## EXERCISE INSTRUCTIONS
Extract from the entries below, exactly as given, only the lines from the line containing "Italian work, probably 19th century" to the line containing "After one o&hellip;", both lines included.

## DATA FOR REVIEW
——
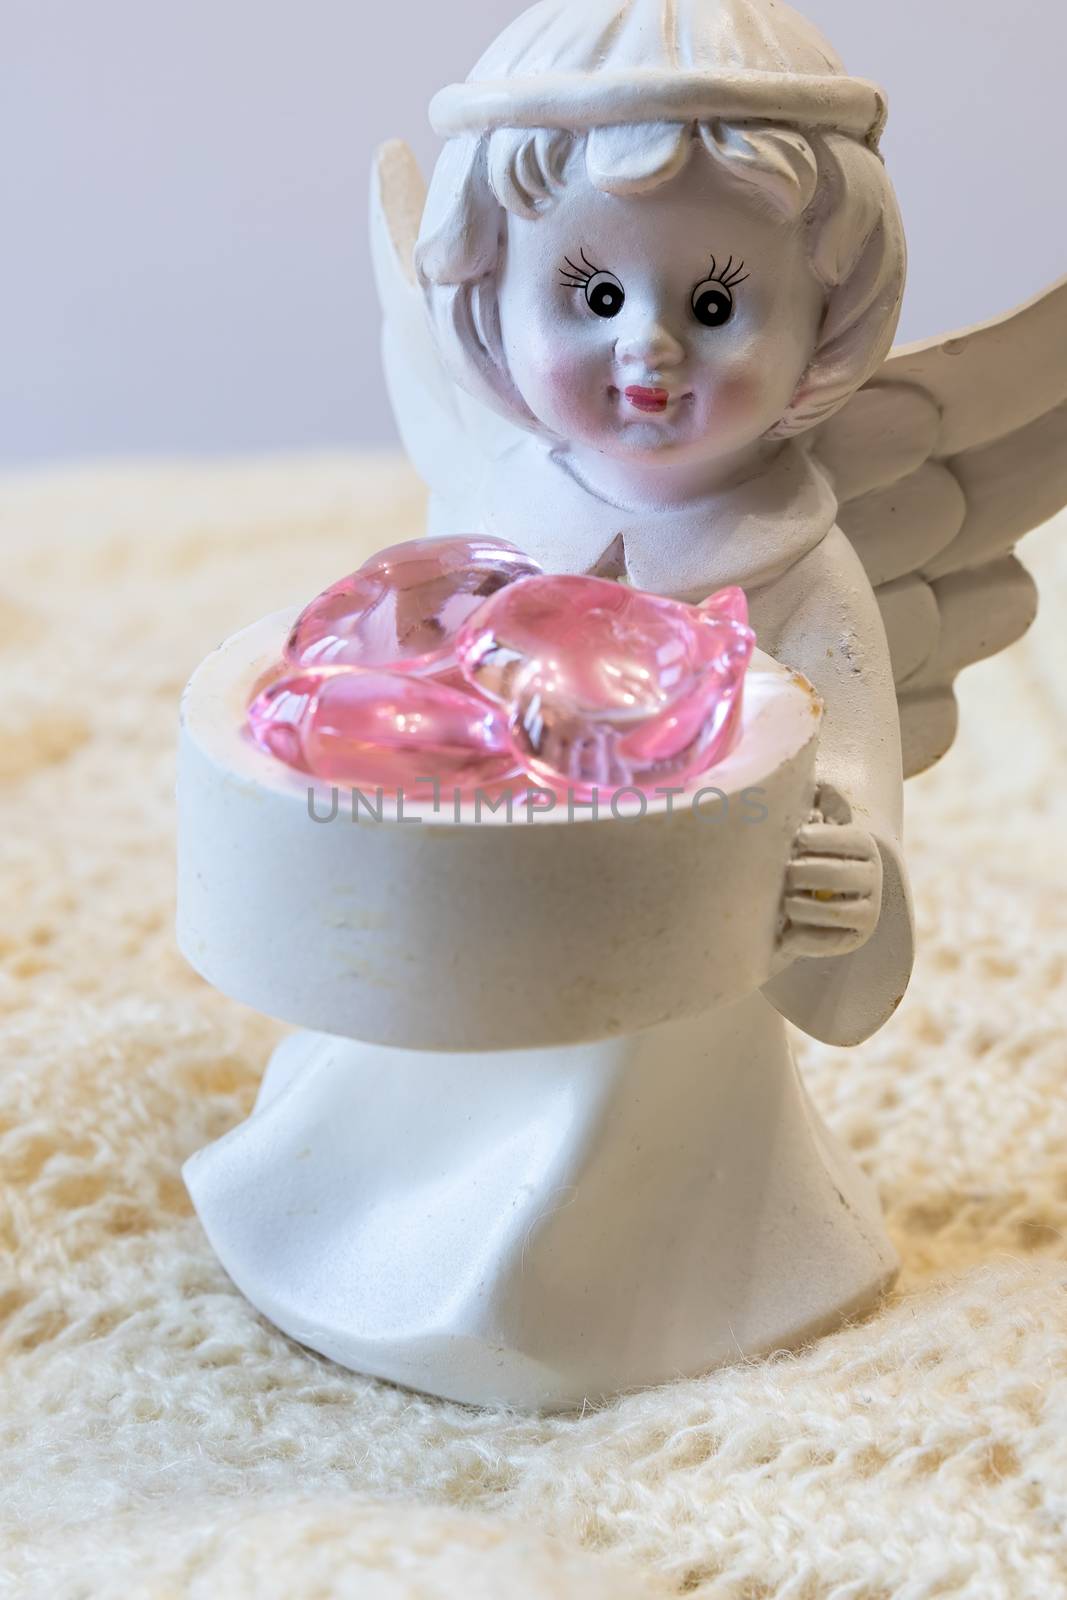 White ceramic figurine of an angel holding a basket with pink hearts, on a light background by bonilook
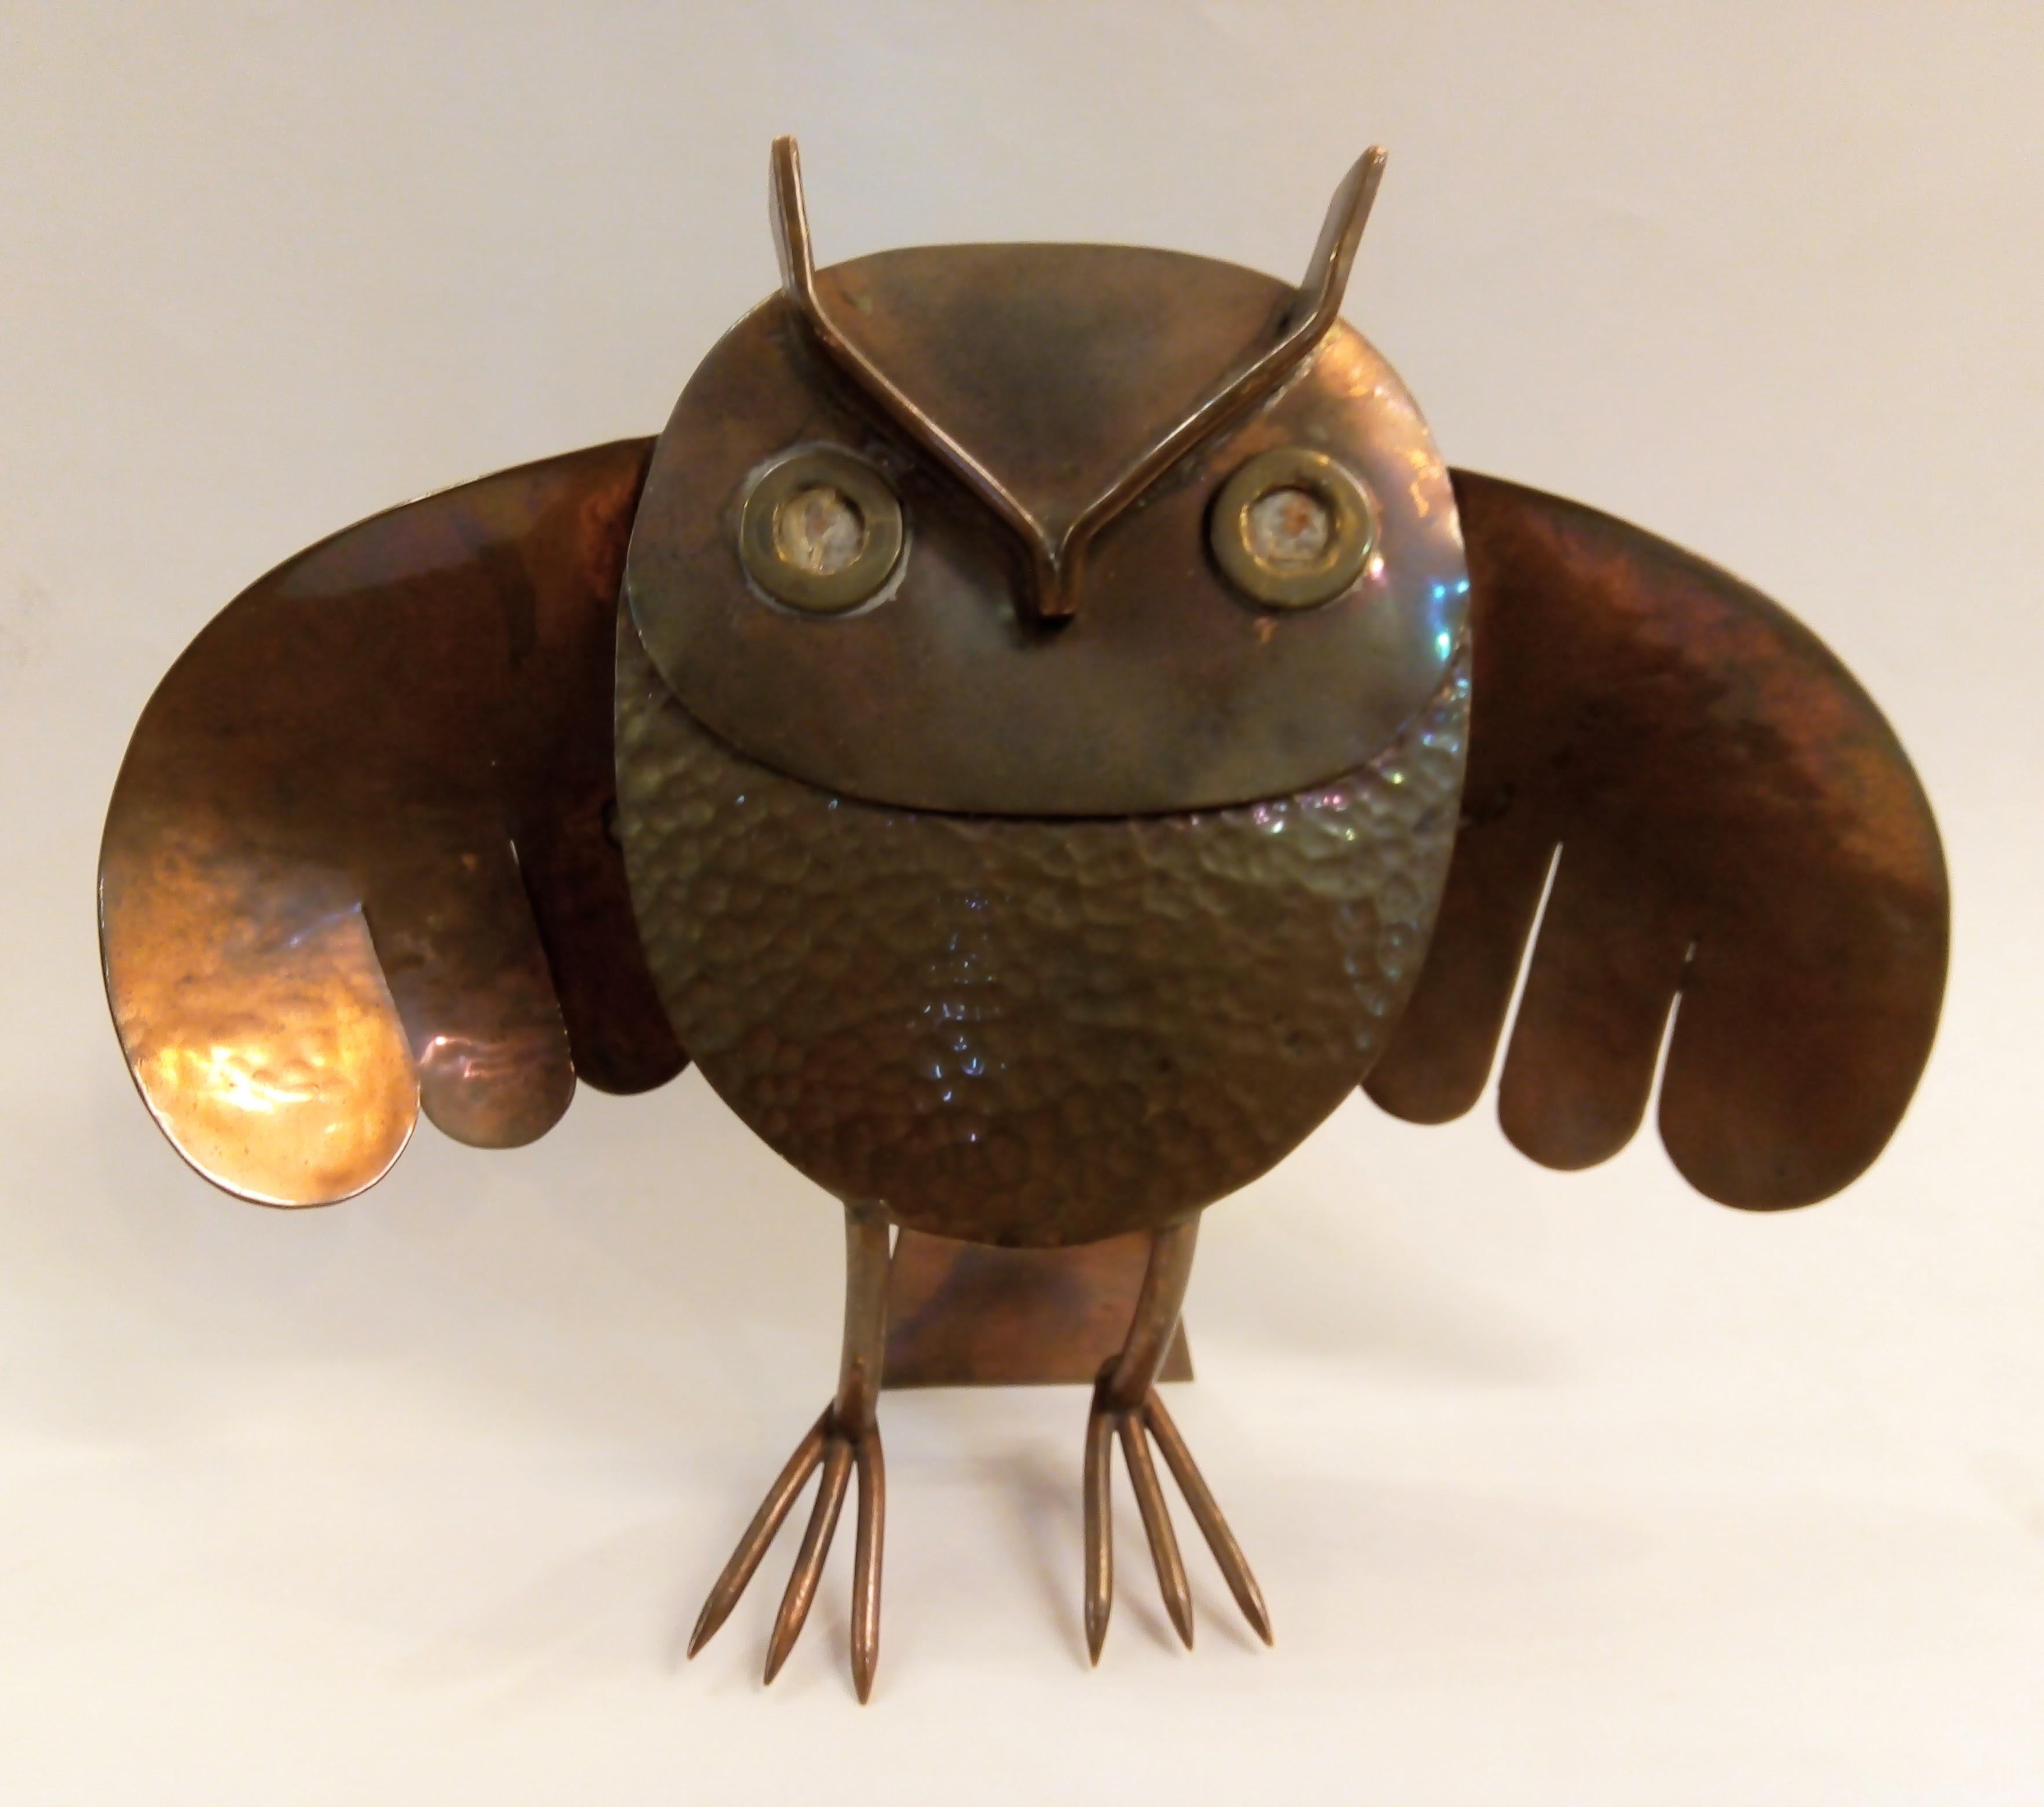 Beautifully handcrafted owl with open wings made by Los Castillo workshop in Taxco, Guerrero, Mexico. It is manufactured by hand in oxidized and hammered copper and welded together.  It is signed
——
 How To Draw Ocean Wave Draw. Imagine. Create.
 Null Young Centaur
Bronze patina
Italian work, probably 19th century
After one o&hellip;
——
## EXERCISE RESPONSE
Italian work, probably 19th century
After one o&hellip;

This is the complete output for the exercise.